This research article is available in Himalaya, the Journal of the Association for Nepal and Himalayan Studies:
http://digitalcommons.macalester.edu/himalaya/vol35/iss1/8
Constructing the New Nepal: Religious Billboards in
Nepal’s Second People’s Movement
Michael Baltutis
Accompanying King Gyanendra’s February First,
2005, efforts to consolidate his loosening grip
on national power, the royal Nepali government
raised a series of highly visible billboards
throughout the cities of the Kathmandu Valley.
A small subset of these boards were explicitly
religious, encouraging Nepal’s citizens to
perform their patriotic bhakti (devotion), karma
(action), and dharma (duty). This rhetorical
support of a ‘universal’ Hinduism contradicted
the inclusivism that was widely regarded as
part and parcel of the ‘new Nepal’ and resulted
in a contradictory vision of the same: a modern
secular nation composed of citizens, rather
than of subservient subjects, unified by and
working together with a Hindu monarch for the
betterment of the nation.
This conflict contributed to the widespread
skepticism with which these signs were met,
indicated by the multiple acts of graffiti,
vandalism, and outright destruction brought
against them, and by their removal by the
24 | HIMALAYA Spring 2015
royal government fifteen months later.

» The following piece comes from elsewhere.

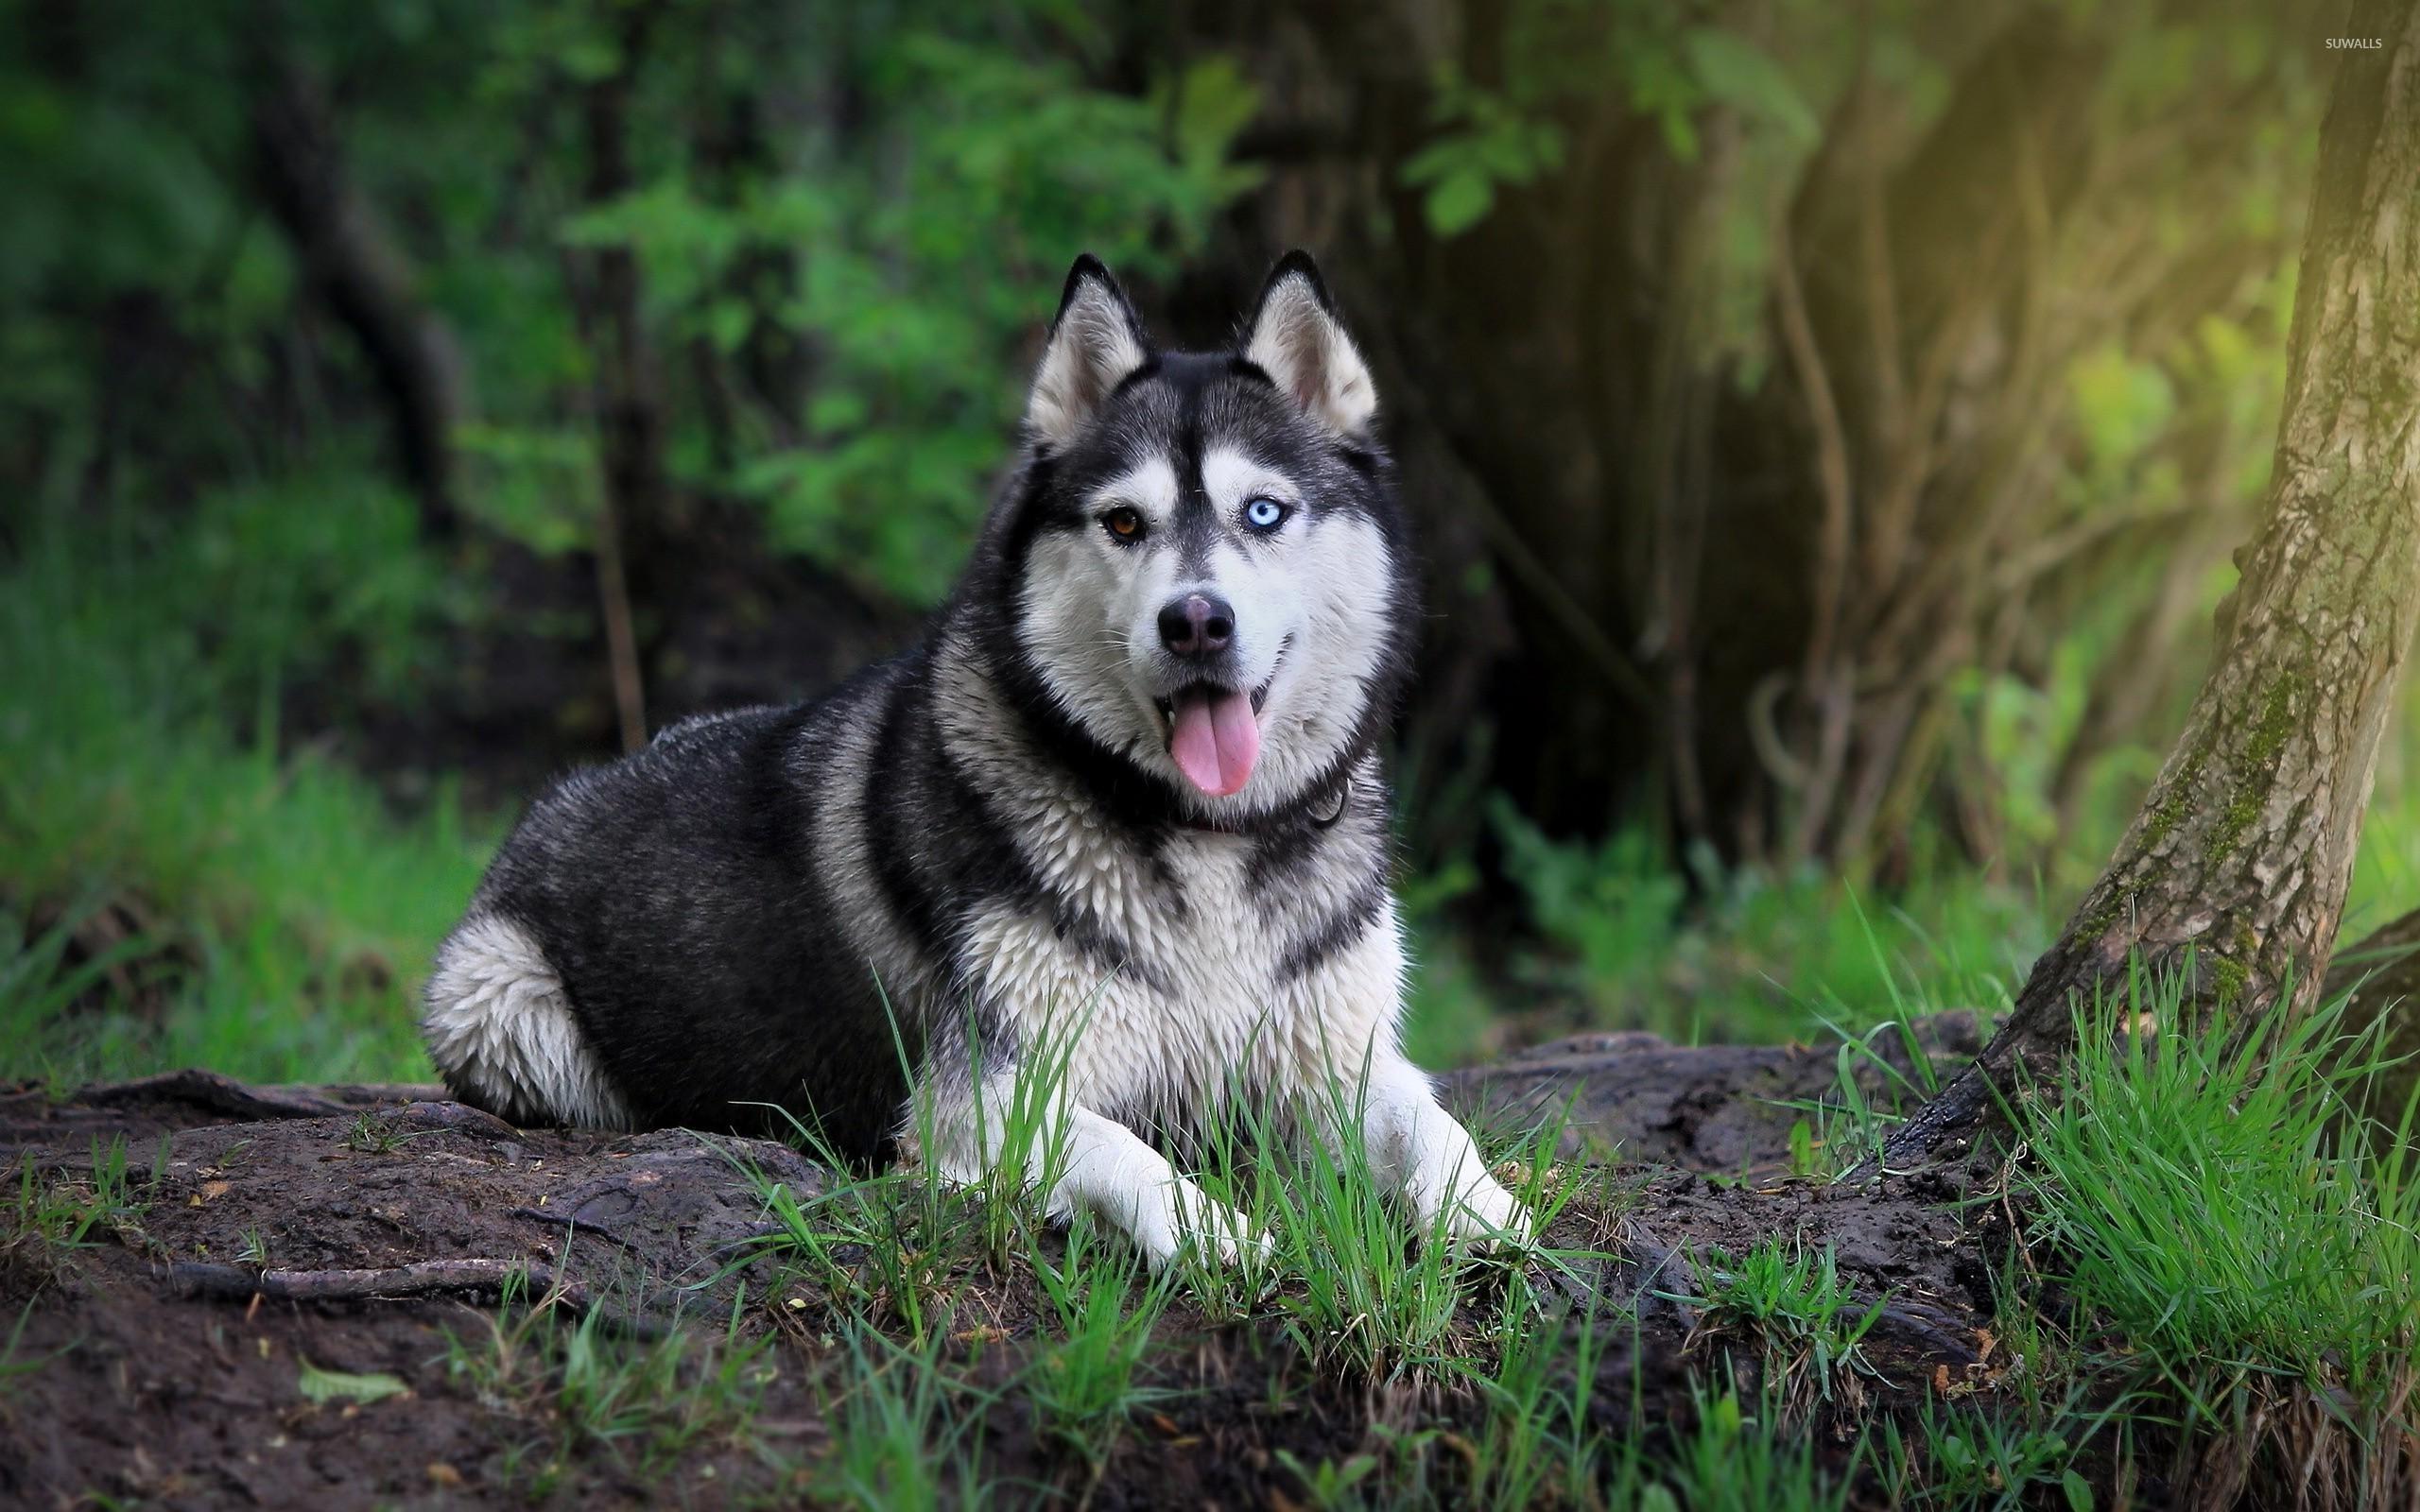 Siberian Husky in the forest wallpaper

This
paper will detail the form and content of these
religious billboards and argue that this religious
language was one of the reasons behind their
failure to deliver a message amenable to the
middle class citizens of Kathmandu, as diverse
parties throughout contemporary Nepal
worked to define the multivalent ‘new Nepal.’
Keywords: Nepal, politics, religion, media, royalty.
Introduction
“It is our faith that we will all join together for the
construction of a strong and successful new Nepal
that is firmly committed to constitutional monarchy and multiparty democracy.”
saṁvaidhānik rājtantra ra bahudalīya prajātantra
jagmā adiera sabal ra samunnata nava nepāl nirmāṇ
mā hāmī sabai juṭnu pardcha bhanne hāmro viśvās
cha
– Billboard on Kathmandu’s Kanthipath Road, attributed to Śrī 5 Gyānendra
The multivalent term ‘new Nepal’ (N. nayā Nepāl) used in
the billboard quoted above has become the watchword
of parties in many quarters of Nepali society to name the
social, developmental, and political processes currently
at work in post-monarchical Nepal.1 Due to the official
processes of bringing to an end the Nepali monarchy in
2006-2008 and the absence of a constitution since 2006,
many citizens anticipate this desired ‘new Nepal’ while
transitioning from an implied ‘old Nepal,’ a nation that was
ruled by an active monarchy and racked by a decade-long
civil war with Maoist rebels. The issues at stake in the new
Nepal are generally those that had been rejected in the forty-point demand that the Maoist party had attempted to
negotiate in 1996: nationality, democracy, and livelihood
(Hutt 2004: 5, 285-287). Similarly, scholarship on the new
Nepal, in positing and predicting the nation’s trajectory,
builds off of these same concerns, taking up such additional issues as freedom of the press (Hutt 2006), the political
power of indigenous groups (Hangen 2007), the role of
informal institutions in the political exclusion of marginalized groups (Lawoti 2008), the sociology of the conflict
itself (Lawoti and Pahari 2010), and the 1990 Constitution
that reinforced the institutional problems to which Maoist
rebels and social and ethnic activists responded (Malagodi
2013).
Much of this scholarship specifically utilizes the term ‘new
Nepal’ as it accounts for, projects, and occasionally prescribes the characteristics of the democratizing nation and
largely focuses on the concept of inclusion (N. samābeśi)
that counters the “monolithic” Nepal whose constitution
“had been blamed for institutionalizing, legitimizing, and
engendering patterns of exclusion and discrimination”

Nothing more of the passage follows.